Saturday, August 19, 2017

Jokowi menenun kain kebangsaan

Orang tidak pernah menduga bahwa pada acara pidato kenegaraan di hadapan sidang tahunan DPR-DPD tanggal 16 Agustus yang lalu, Presiden Joko Widodo (Jokowi) tampil mengenakan pakaian adat Bugis, sedangkan Wakil Presiden Jusuf Kalla (JK) mengenakan pakaian adat Jawa.

Seolah ingin menyampaikan semangat saling menghormati antar suku dan budaya Indonesia, Jokowi yang dari Solo dan JK yang dari Makassar saling bertukar pakaian adat. Pesan itu benar-benar nyata dan meninggalkan kesan mendalam walaupun disampaikan dengan cara yang sederhana. Sejak dulu, gaya Jokowi dalam menyampaikan pesan penting tidak muluk-muluk sehingga mudah sekali dimengerti. Ia tak pernah menggunakan formula yang rumit seperti teori seorang professor, melainkan tindakan nyata yang simple tapi mengena.
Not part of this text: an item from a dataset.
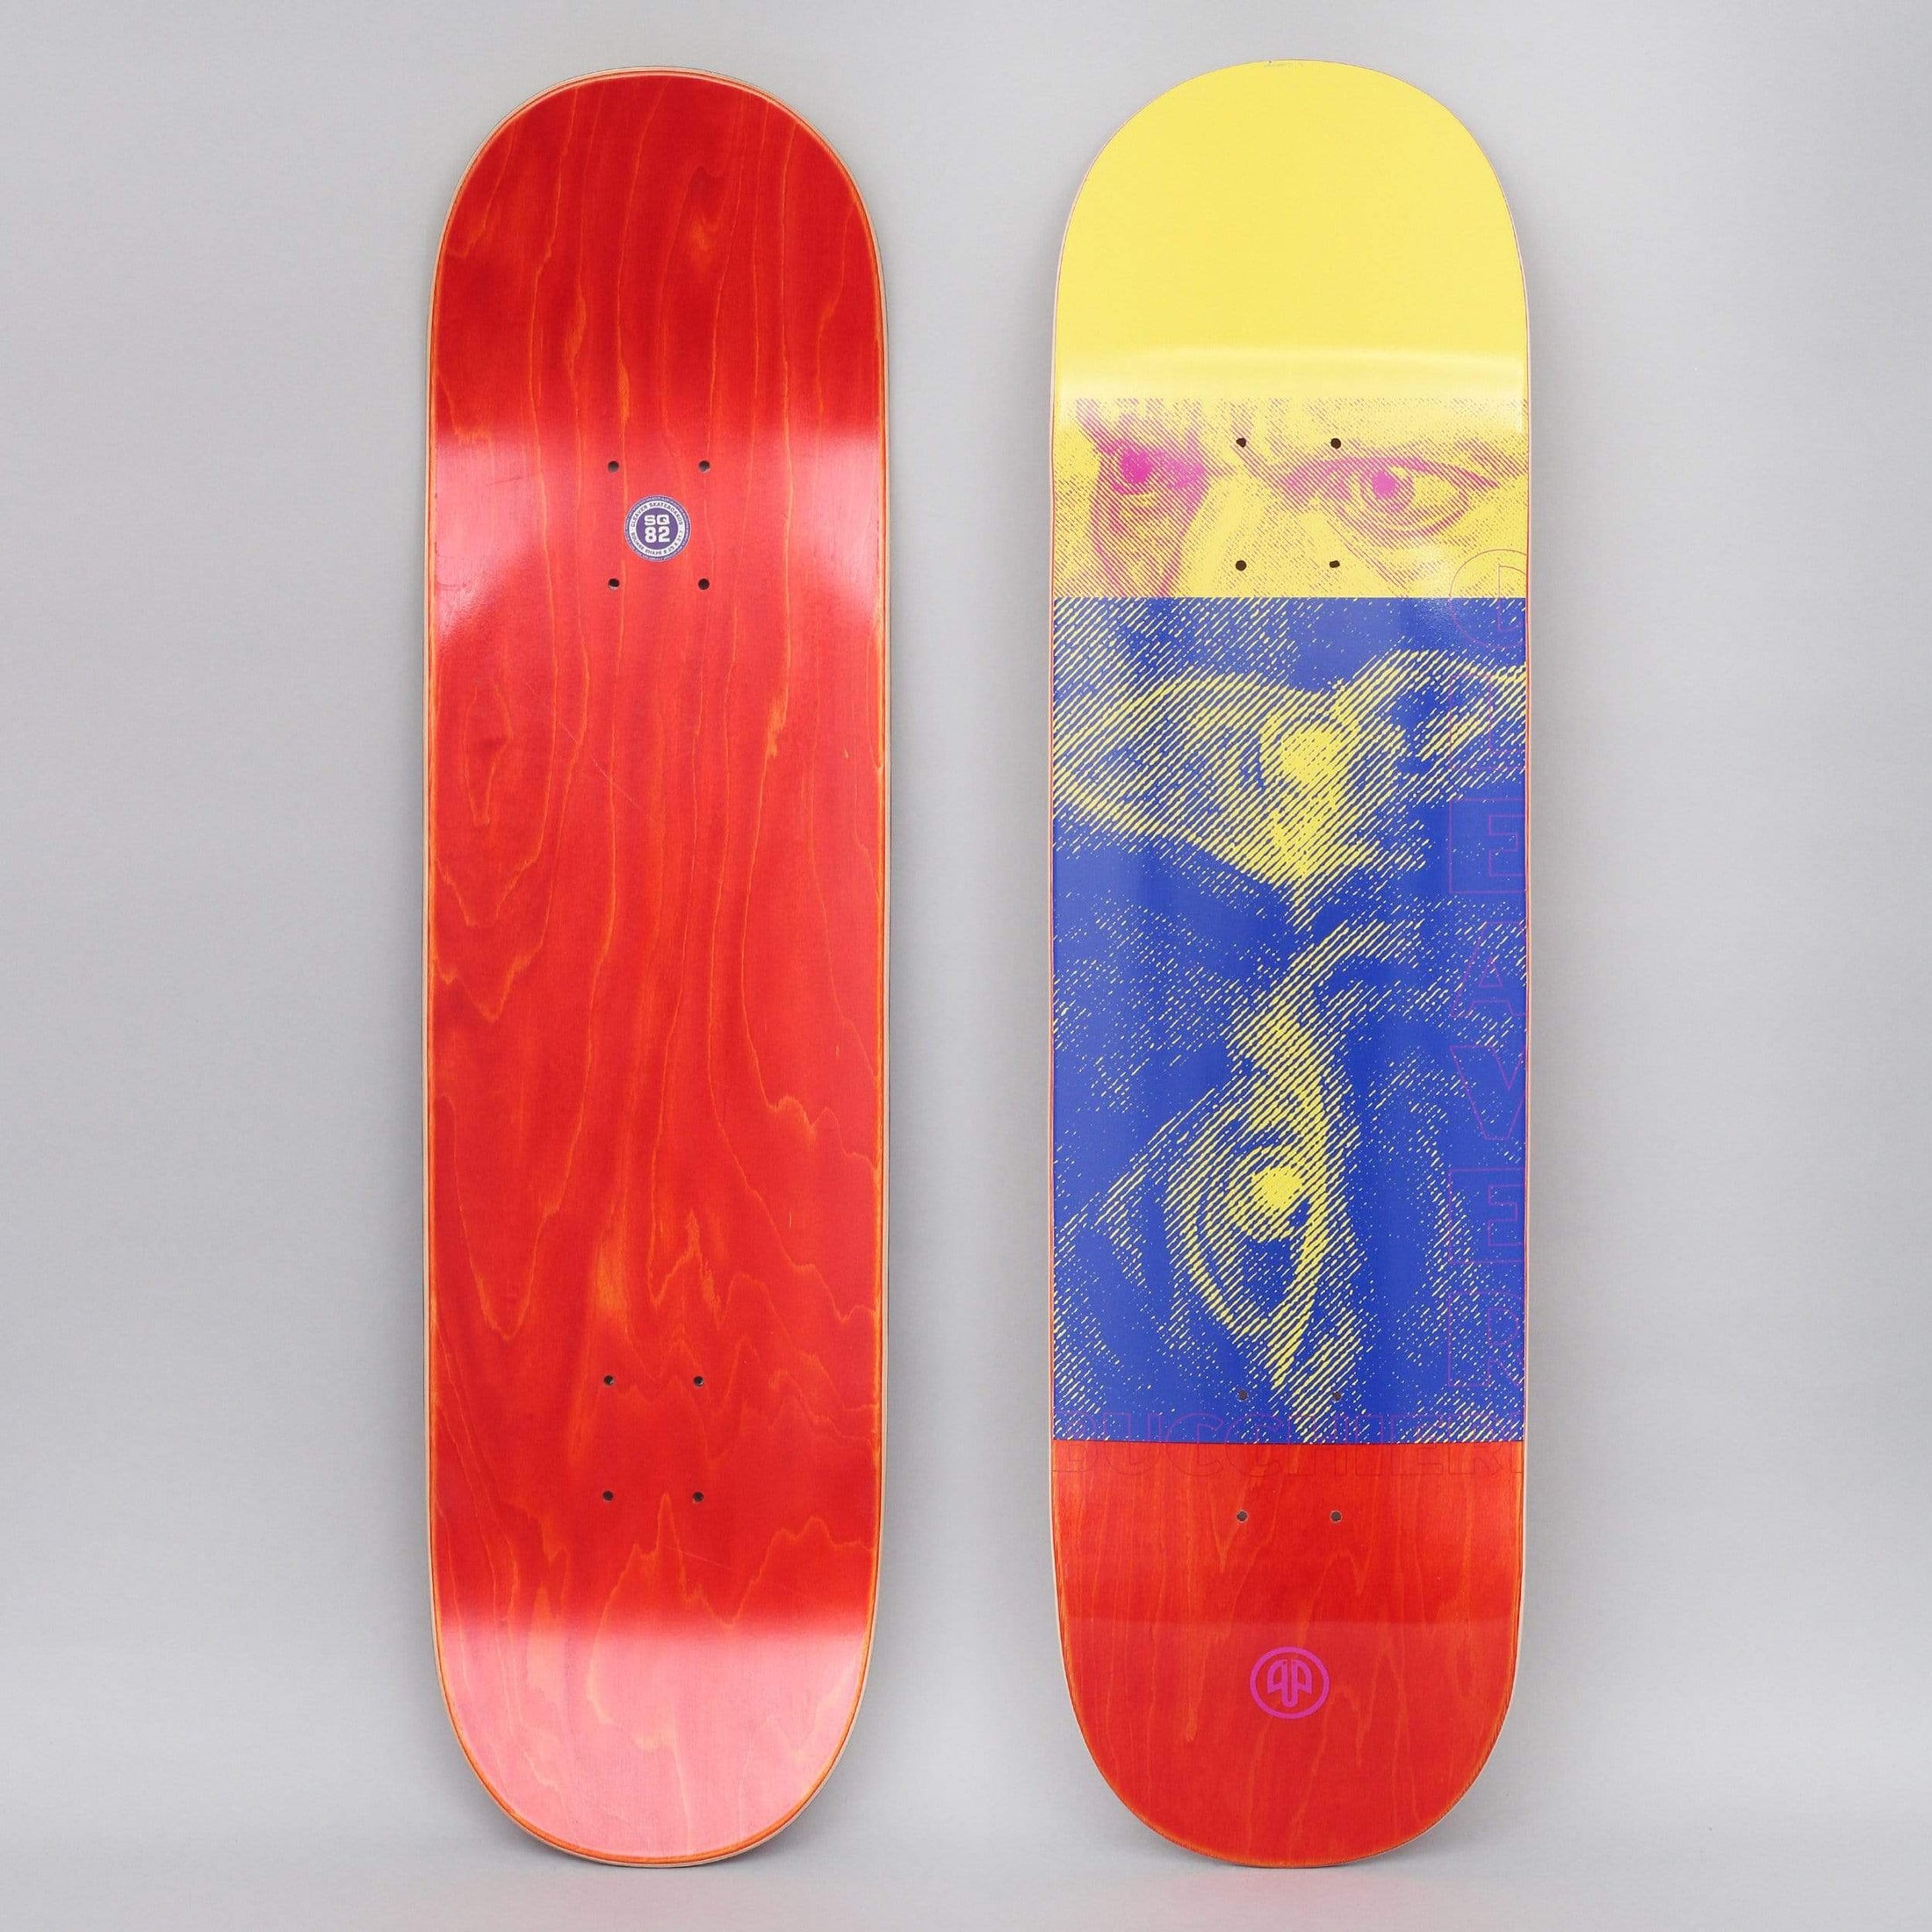 Cleaver 8.25 Bucchieri Eyes Skateboard Deck Yellow
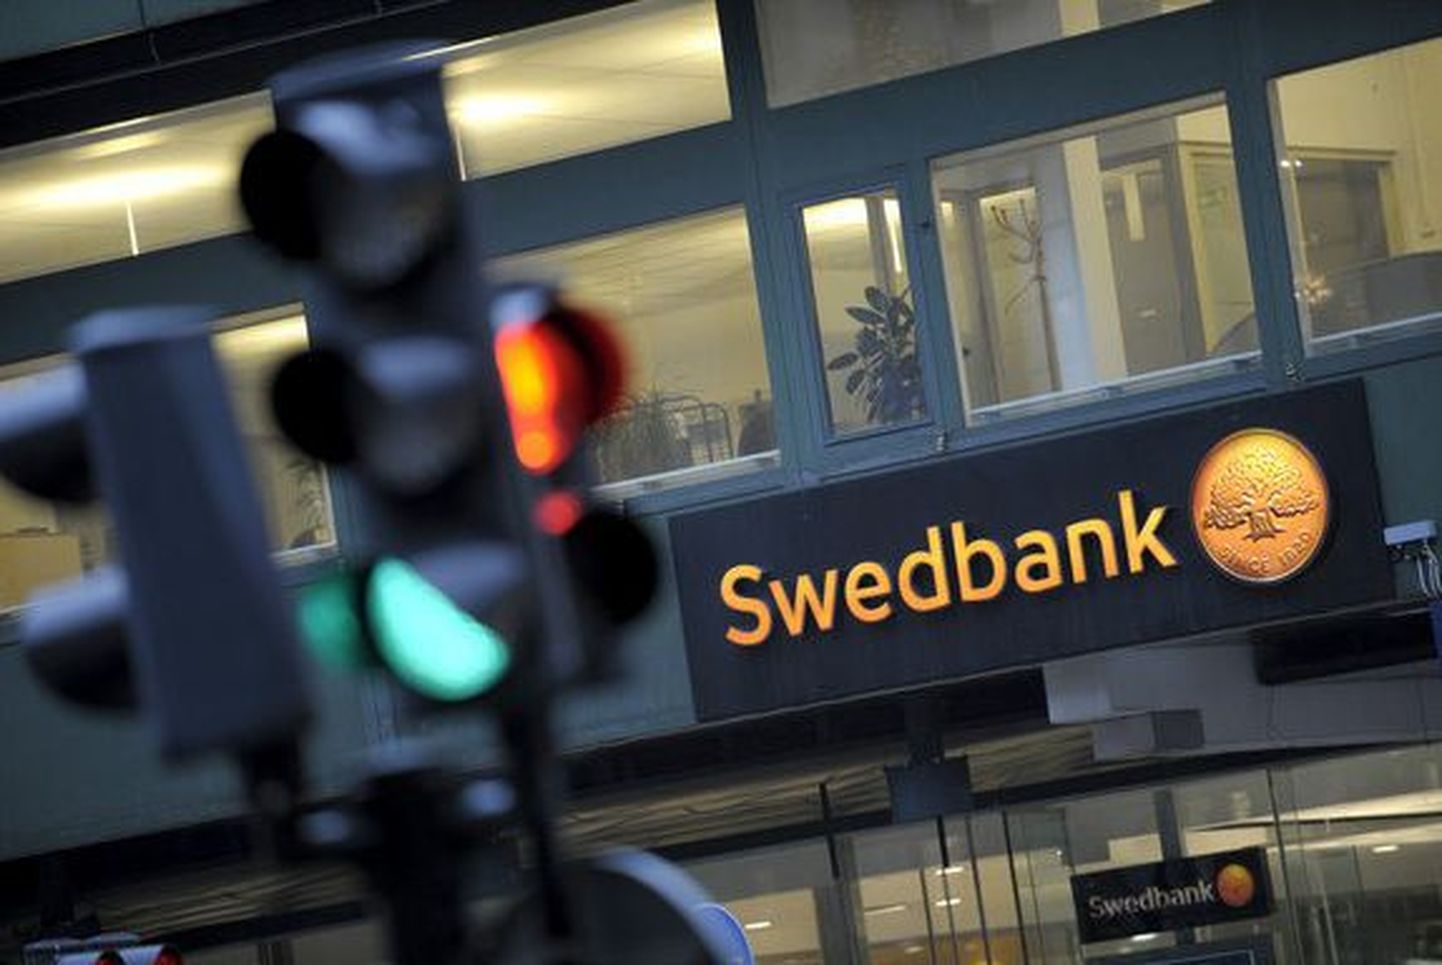 Swedbanki logo.

Namun sesungguhnya, penyederhanaan pesan penting seperti itu sebenarnya hanya bisa dilahirkan oleh kecerdasan seorang professor. Orang sering salah sangka dan berpikir kerumitan berbanding lurus dengan kecerdasan. Tidak. Orang cerdas adalah orang yang bisa menyederhanakan hal-hal yang rumit. Only great minds can afford a simple style, kata Stendhal.

Pertukaran pakaian adat itu mempunyai makna penting di tengah-tengah memudarnya semangat kebangsaan kita yang terjadi belakangan ini. Betapa tidak, mengenakan pakaian adat dari suku lain di acara besar semacam itu merupakan bentuk penghormatan. Dengan berbusana adat Bugis itu Jokowi seolah ingin mengatakan, “Aku tanggalkan Jawaku, dan dengan segala kerendahanhati terimalah aku di rumah Bugismu.” Hal yang sama pula dengan JK, ketika ia merelakan pakaian adat kebanggaannya untuk dikenakan oleh Jokowi, sementara ia sendiri mengenakan beskap dan blangkon tanda keikhlasannya menjadi Jawa. Itulah simbol toleransi, dimana pertukaran pakaian adat yang menjadi simbol kebanggaan daerah itu seolah menyampaikan pesan bahwa “Aku adalah engkau dan engkau adalah aku, dan kita adalah Indonesia.

Tidak cukup dengan kejutan di tanggal 16 Agustus, keesokan harinya Jokowi, JK, semua menteri dan staf kepresidenan hingga pegawai istana tampil dengan berbusana daerah dalam memperingati detik-detik proklamasi di Istana Negara 17 Agustus. Jokowi mengenakan pakaian adat Banjar dari Kalimantan Selatan, yang dijahit oleh penjahit lokal dari tailor “Busana Mawar” di Banjarmasin.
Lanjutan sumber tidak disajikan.